Two Tests You Need to Ask For if You Are Prescribed a Statin

Like any drug treatment (and even natural treatments) there are risks, but there are also benefits. Naturally our human brains tend to focus more on the negative - we are wired this way - but you can't look at one side without consideration for the other. The class of medication called statins which include the commonly known Lipitor/atorvastatin, or Crestor/rosuvastatin are one of the most prescribed classes of medications. I see patients all the time on these medication. We know those who benefit the most are those who have had a heart attack or who are at high risk for one. The benefits of statins go beyond total cholesterol and LDL reduction - they support the health of the artery lining (endothelium), support nitric oxide important for the relaxation of the arteries, act as an antioxidant and help to reduce inflammation. Not bad eh?

For those who have no known cardiovascular disease and are at a low risk for a heart attack, I like to use a more natural approach to reducing cholesterol where possible however, sometimes the best approach is a cholesterol lowering drug. Part of my role in working with patients is discussing all treatment options and advocating for the best approach for them. Not all cholesterol lowering medications or statins are the same and may pose different risk profiles. Sometimes it’s necessary to look at each person’s unique risk profile and chose an approach that will have the most benefit with the least amount of harm. What’s more is that if you need to be on a drug, we can create a strategy to reduce your risk of side effects. Two tests that help in assessing a patient’s potential for statin-related side-effects are vitamin D and insulin.

Vitamin D

Low serum vitamin levels have been associated with statin related muscle pain, and as a result, low adherence. Low serum vitamin D itself can contribute to muscle pain and so the addition of a stain medication such as atorvastatin (Lipitor) or rosuvastatin (Crestor) may increase the susceptibility of those already at risk, particularly if your serum vitamin D level is under 75nmol/L.[1]

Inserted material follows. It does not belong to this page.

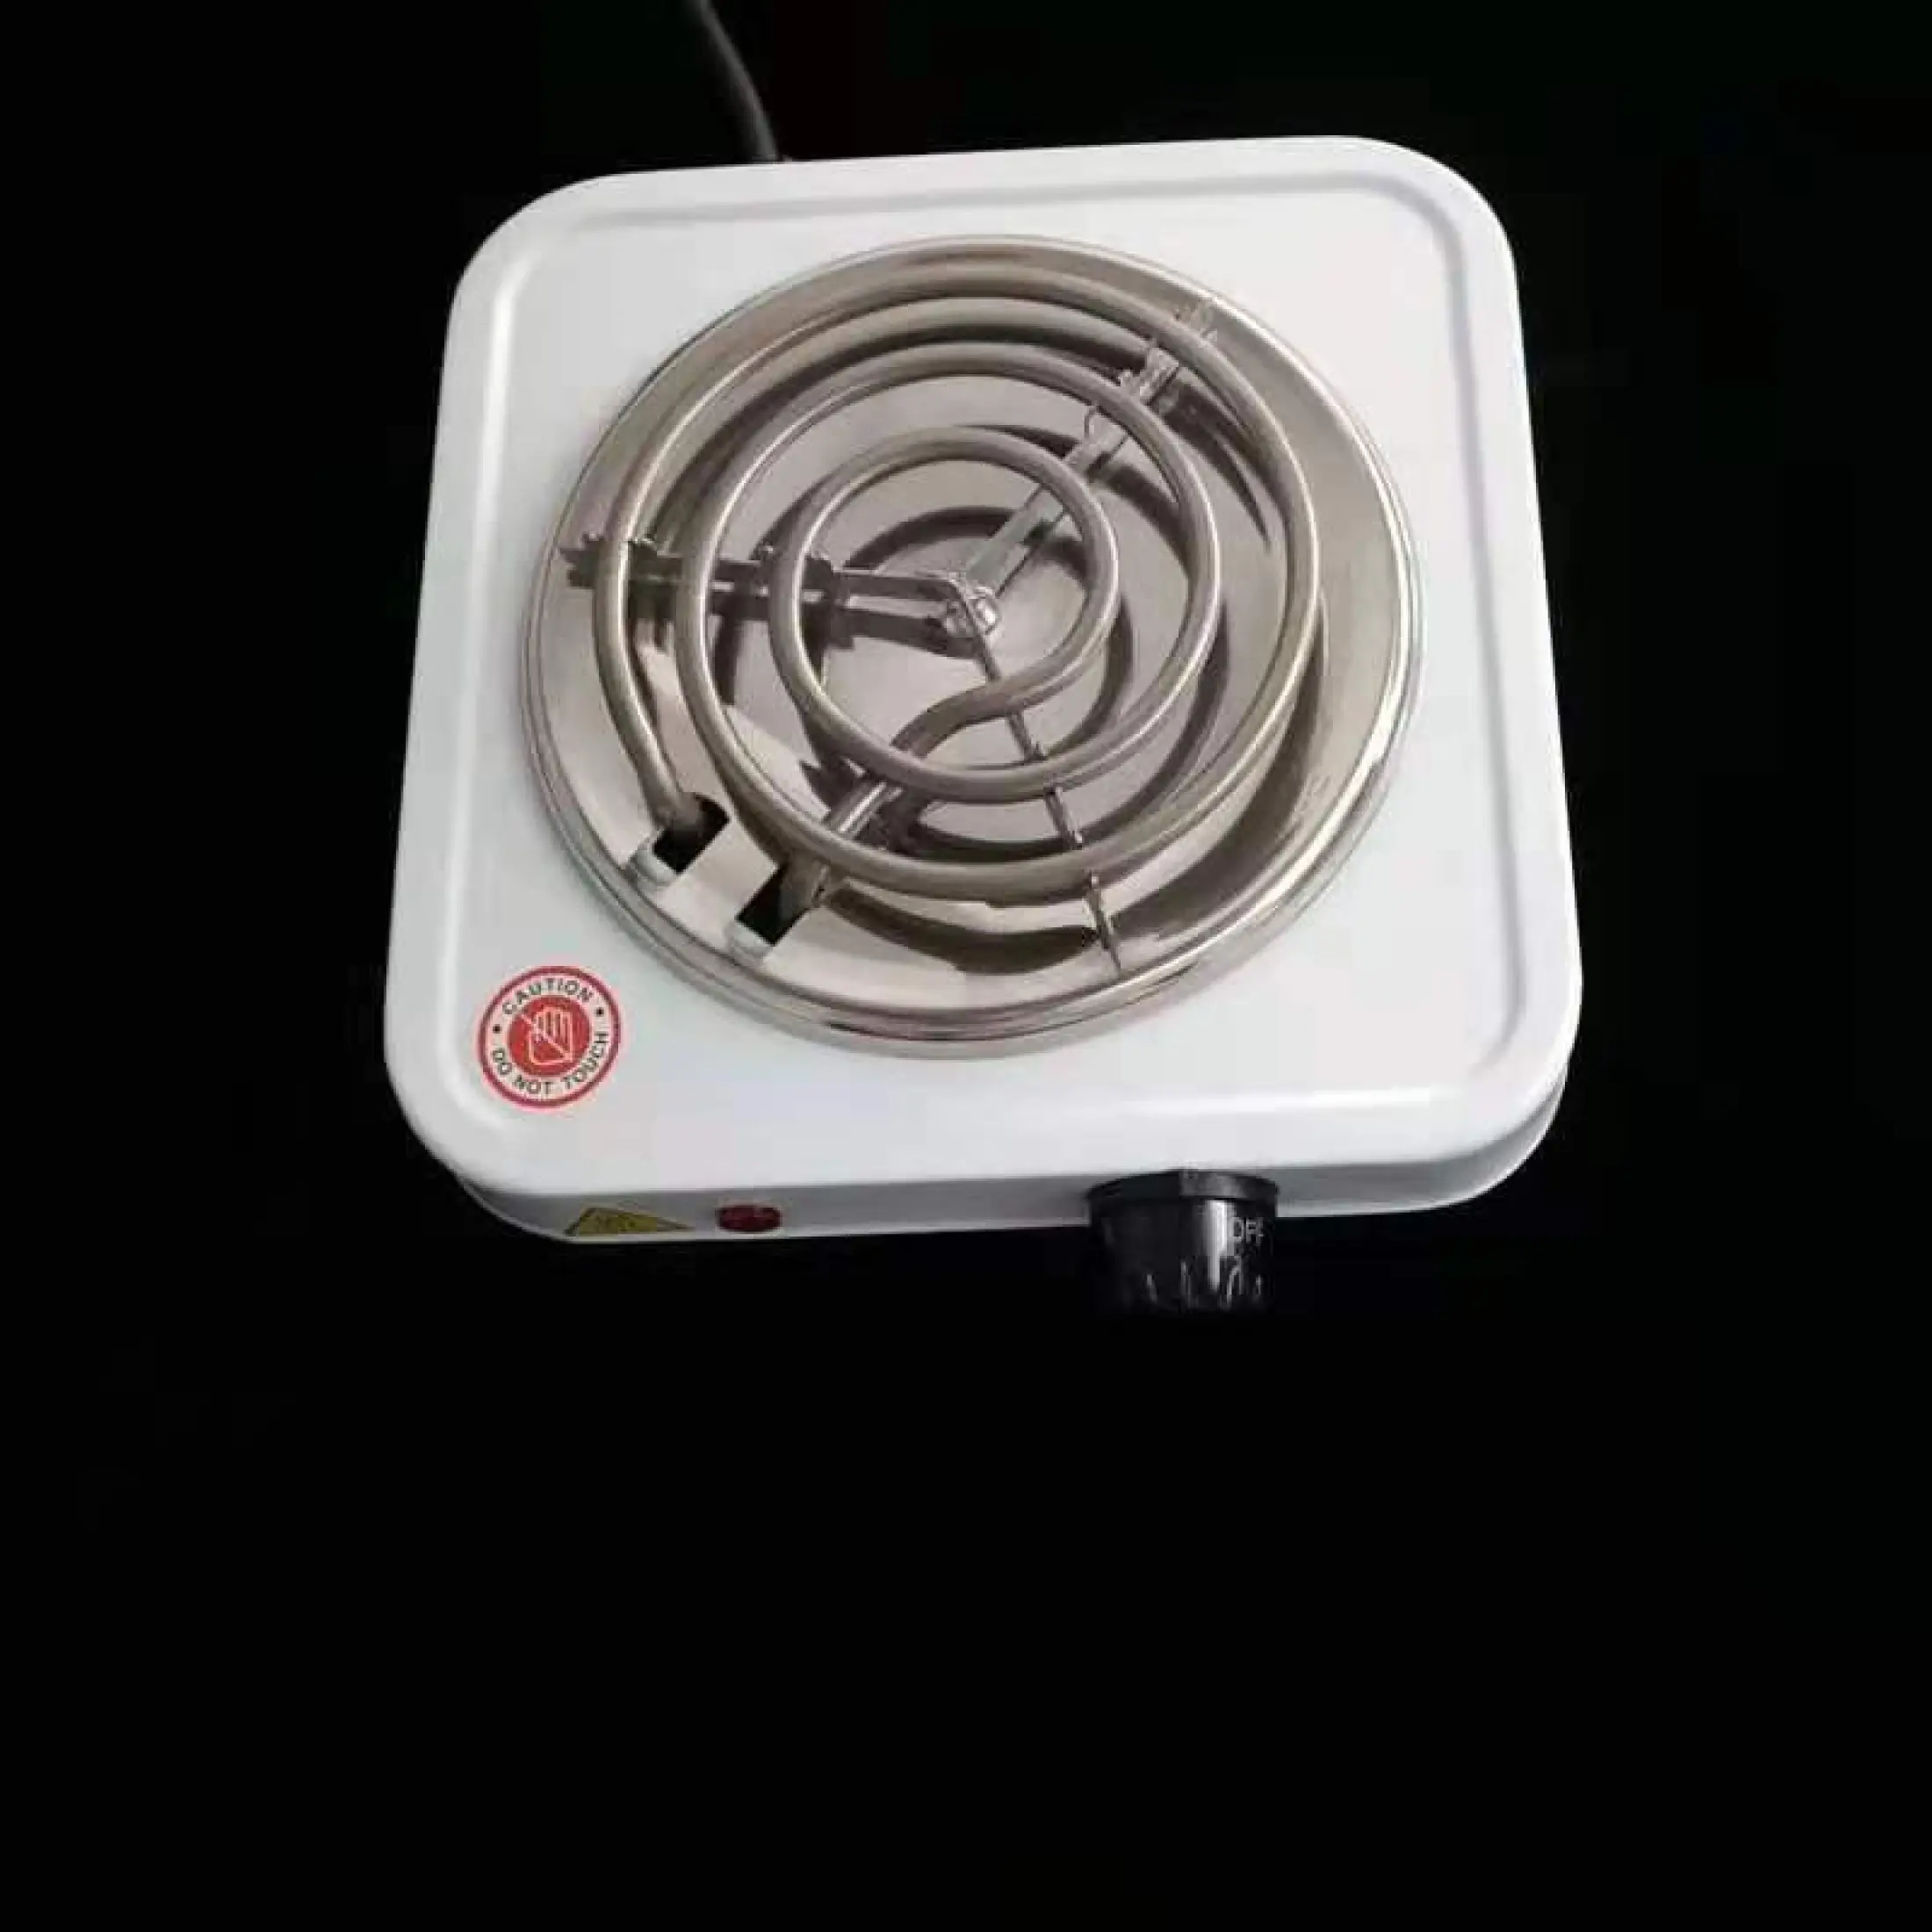 FreeShip-Bếp điện mini 1000w-Bếp Điện Đơn 1000w - Bếp Điện Không Kén Nồi Nấu Siêu

It is known that those who use statins are at an increased risk for new-onset diabetes than non-statin users, and seems to have a bigger impact the higher the dose and the longer duration of use. It is an even bigger concern for those who have any of the risk factors for diabetes (metabolic syndrome, obesity, impaired fasting glucose, HbA1C >6 percent).[2] [3] This does not mean that statins should be avoided. Rather an assessment of individualized risk should be done prior to making an informed decision about the use of statin, which statin to use and how to prevent future diabetes risk. It is known that elevated insulin is an early indication of metabolic dysfunction and diabetes risk and can precede changes in fasting glucose and HbA1C by years.

Any treatment plan, whether it includes pharmaceuticals or natural alternatives to drug therapy should be done with consideration of a patient’s unique risk factors. My approach when creating any heart health plan with patients involves not just targeting a few numbers in a lipid panel but involves a look at your totality of risk factors in order to achieve the best outcome for you.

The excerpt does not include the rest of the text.